Со двора потянуло сыростью, и Надежда Петровна закрыла окно: простуды ей следовало остерегаться. Но вообще-то в последние месяцы она чувствовала себя хорошо, кашель почти прекратился... Нет, жизнь ее еще не кончилась, и у нее было достаточно характера, чтобы добиться своего...
Виктор Синицын незаметно отделился от товарищей, обступивших с победными кликами, с поцелуями Глеба и Дашу, и, не простившись, исчез в толпе, повалившей из зала. Он ревновал – он должен был наконец в этом себе признаться. И его страдание, будучи названным, сразу усилилось, потому что к его ревности примешался стыд: Виктор унизился в собственных глазах. Эта непрошеная боль от низменного, самовластного чувства, точно прорвавшегося сквозь все разумные доводы-заслоны, сразила его. И Виктор попросту бежал, чтобы не видеть слишком счастливую Дашу.
Сейчас, забившись в уголок, он сидел у своего бывшего учителя физики Владимира Михайловича, в его тесной и опрятной, как корабельная каюта, комнатке на двадцать восьмом этаже Московского университета. Пришел он сюда в смутной надежде на участие, на облегчение, на мудрое слово. Владимир Михайлович, его давний наставник и авторитет в научных вопросах, был, по-видимому, лучше, чем он, осведомлен и в вопросах житейских– все ж таки ему перевалило за тридцать. И случалось, что в его аспирантской обители, так высоко вознесенной над земной жизнью, вечерние беседы носили вполне земной характер... К стеклу книжного шкафа, забитого толстыми физическими фолиантами, Владимир Михайлович приставил изнутри репродукции с ренуаровских «Купальщиц», с рембрандтовской «Данаи», а над его рабочим столиком висела еще одна цветная картинка – «Похищение Европы» Серова.
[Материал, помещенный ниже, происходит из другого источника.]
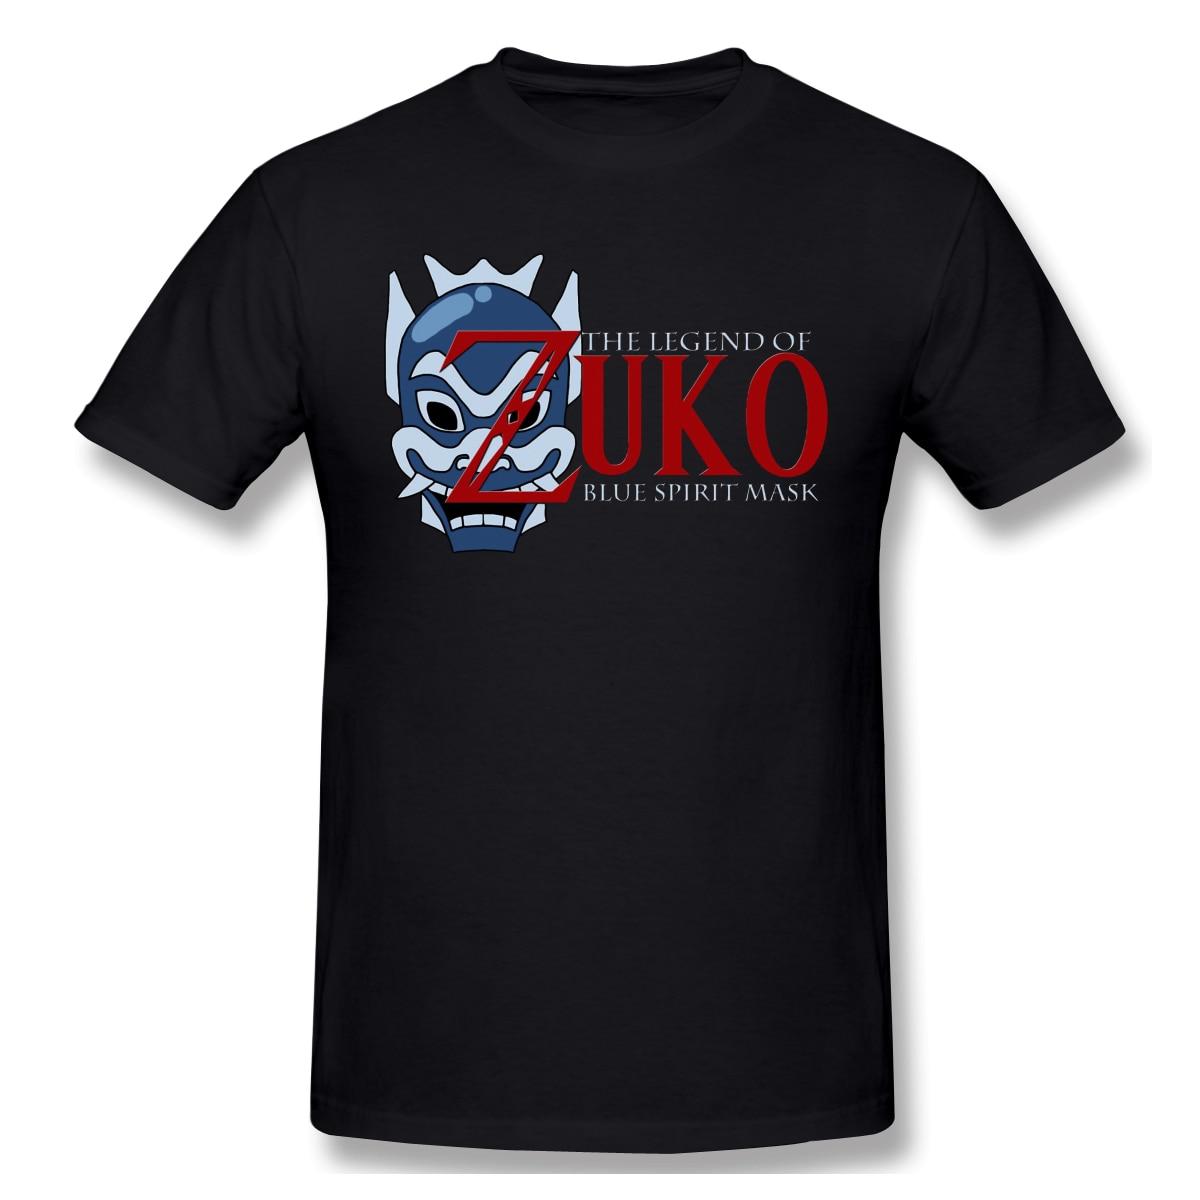 The Legend Of Zuko - Blue Spirit MaskT-Shirt Men Top Quality 100% Cotton Short Summer Sleeve legend of zelda Casual Tshirt Loose

Но, увы, ни о какой утешительной консультации сегодня не могло быть и речи: Владимир Михайлович принимал еще одного молодого товарища, тоже, вероятно, физика, – Виктор видел его впервые. И между ними за кофе шел разговор, доставлявший обоим удовольствие, тот нестройный, перескакивавший с одного на другое – с шахматного турнира на теорию плазмы и с выборного собрания академиков на секреты нейтрино – разговор, что бывает у людей, мало еще знакомых, но тянущихся друг к другу. И надо сказать, что гость Владимира Михайловича – на вид ему было лет двадцать шесть, двадцать семь – оживленный, учтивый, элегантный, в тонкой шерстяной рубашке, распахнутой на загорелой шее, оказался и содержательным и остроумным собеседником, может быть, только немного щеголявшим своей манерой выражаться. Когда по какому-то злободневному поводу речь зашла о честности в науке, о способности видеть вещи такими, какие они есть, и не бояться пойти наперекор общепринятому мнению, новый знакомый Владимира Михайловича проговорил:
– О, это седьмая степень свободы!
И он пояснил, улыбаясь:
– Конечно, это только метафора. В механике их шесть у свободного тела и не может быть больше шести. Ну, а седьмой степенью я называю свободу нравственную – освобождение от всего, что мешает человеку и вовне и в нем самом быть верным себе. Принимаете мою терминологию?
Переводя быстрый, любопытный взгляд с Владимира Михайловича на Виктора, он добавил:
– Другими словами, это высокое сознание человеческого достоинства – седьмая степень свободы!
И Владимир Михайлович обрадованно закивал – он всегда был неравнодушен к изящной форме выражения мысли. А Виктор подумал, что его отчим, человек, которого он, по правде говоря, как-то мало замечал, – неплохой, конечно, старик, но простоватый, – обнаружил сегодня именно эту степень свободы. (Виктор слышал краем уха, что первый муж его матери Ногтев, тот, что был обвинителем на суде, оказывает его отчиму протекцию, а на суде отчим выступил против Ногтева.)
Но тут перед Виктором опять встала картина суда, и он опять увидел Дашу: на ее прекрасном, пламеневшем лице, когда она слушала Глеба, было выражение страдания – страдания от преданности и любви... И, покусывая губу, Виктор вновь спросил: что же ценят женщины, если ум и знания не имеют для них большого значения?